## Assigned task
Quote the data below in full, minus the images.

--- Exercise data ---

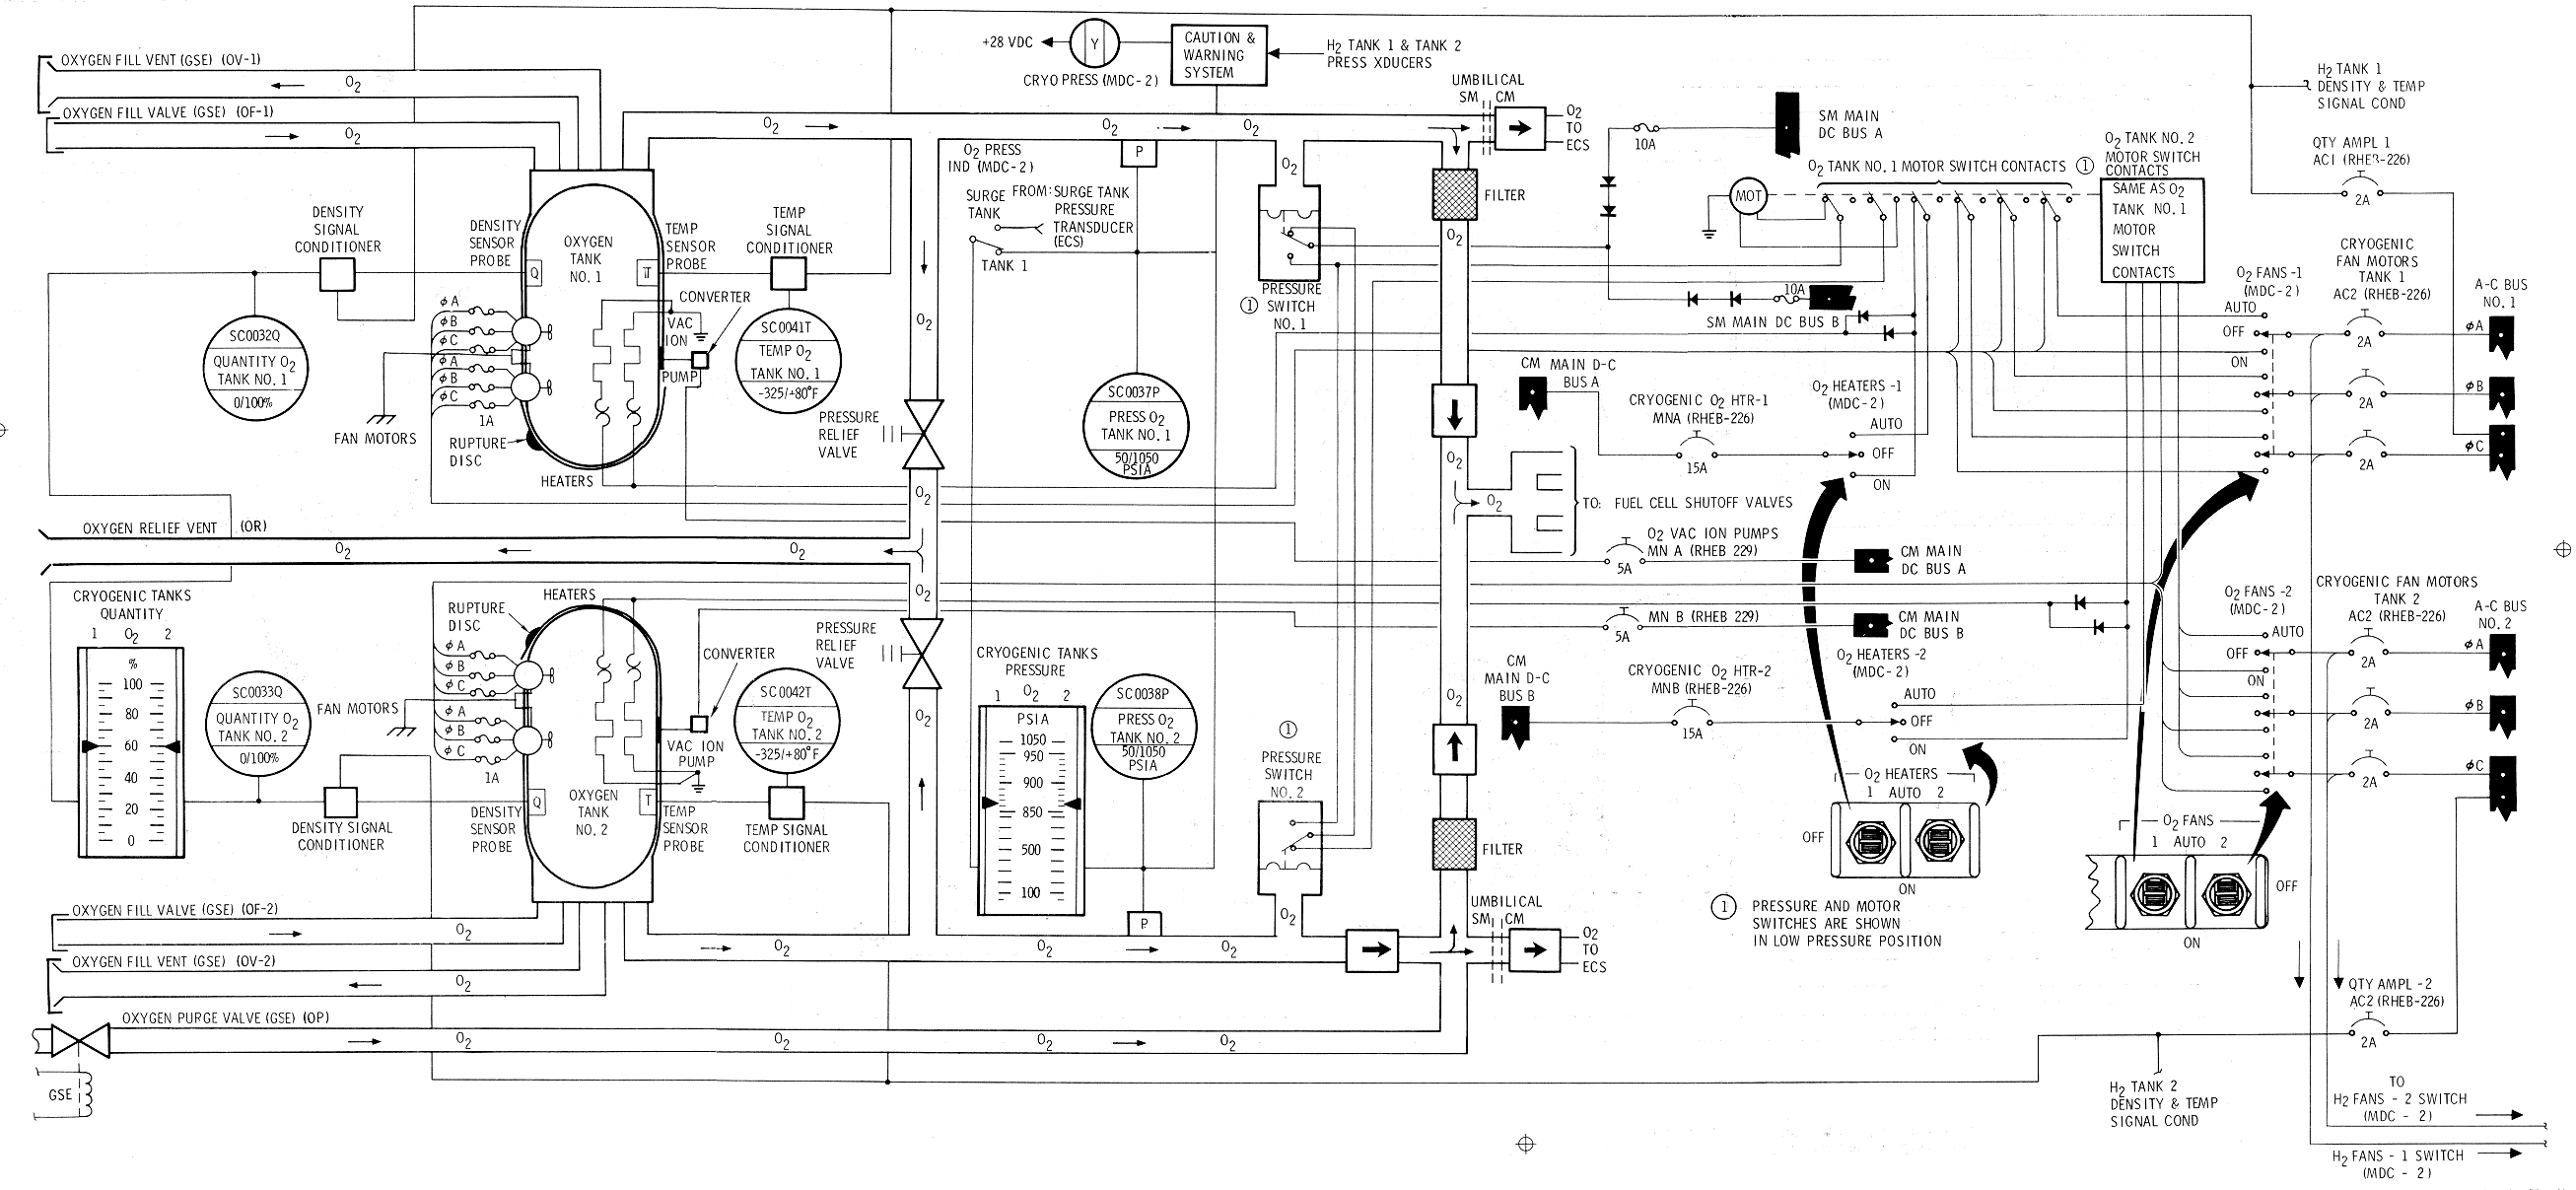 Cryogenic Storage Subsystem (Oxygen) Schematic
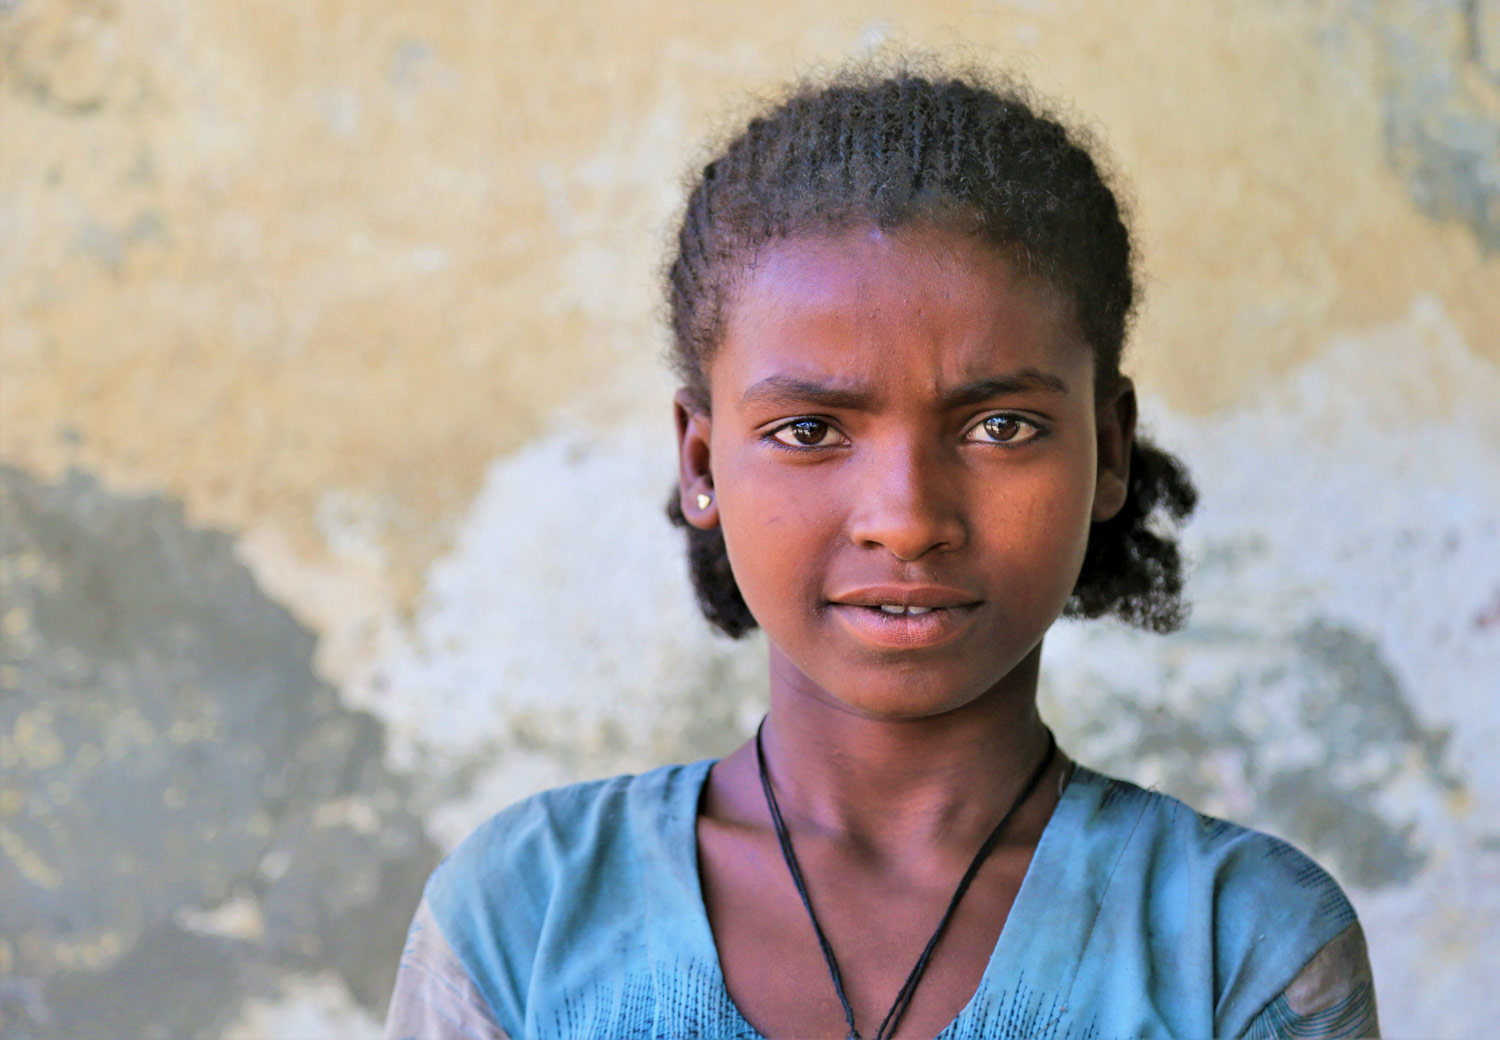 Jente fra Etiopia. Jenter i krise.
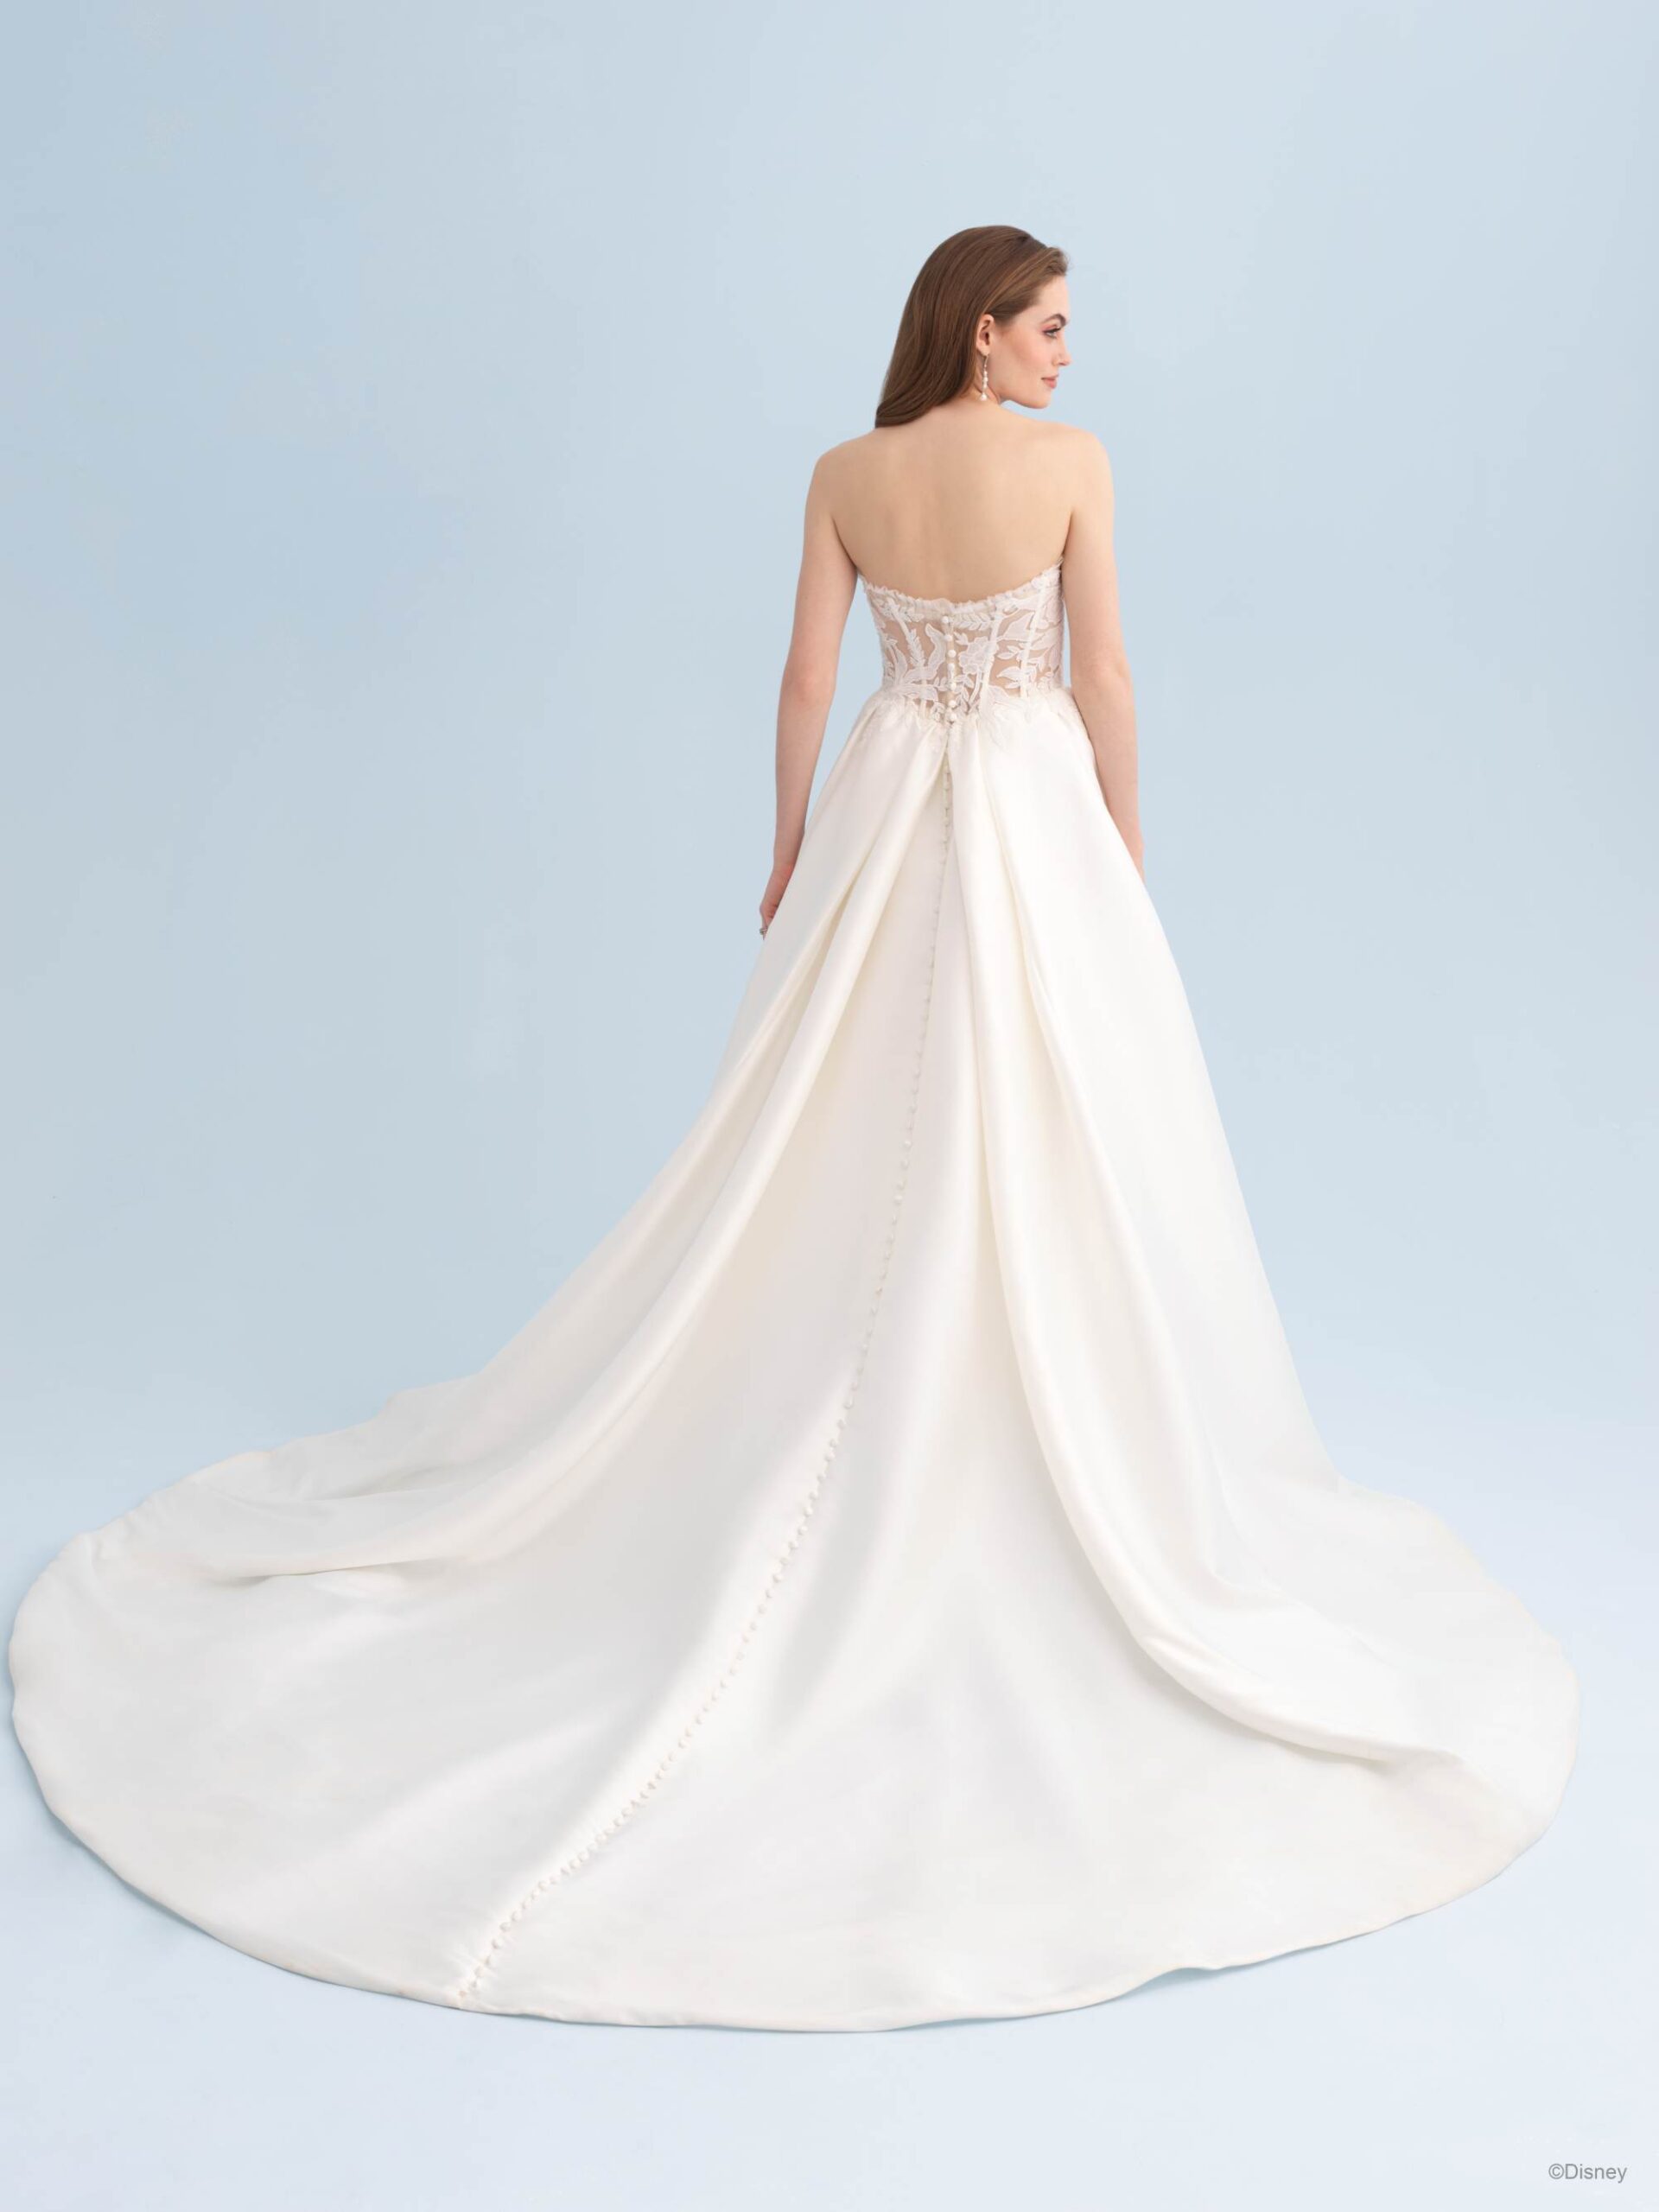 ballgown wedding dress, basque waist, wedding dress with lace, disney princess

---

## Task answer
 Cryogenic Storage Subsystem (Oxygen) Schematic
 Jente fra Etiopia. Jenter i krise.
 ballgown wedding dress, basque waist, wedding dress with lace, disney princess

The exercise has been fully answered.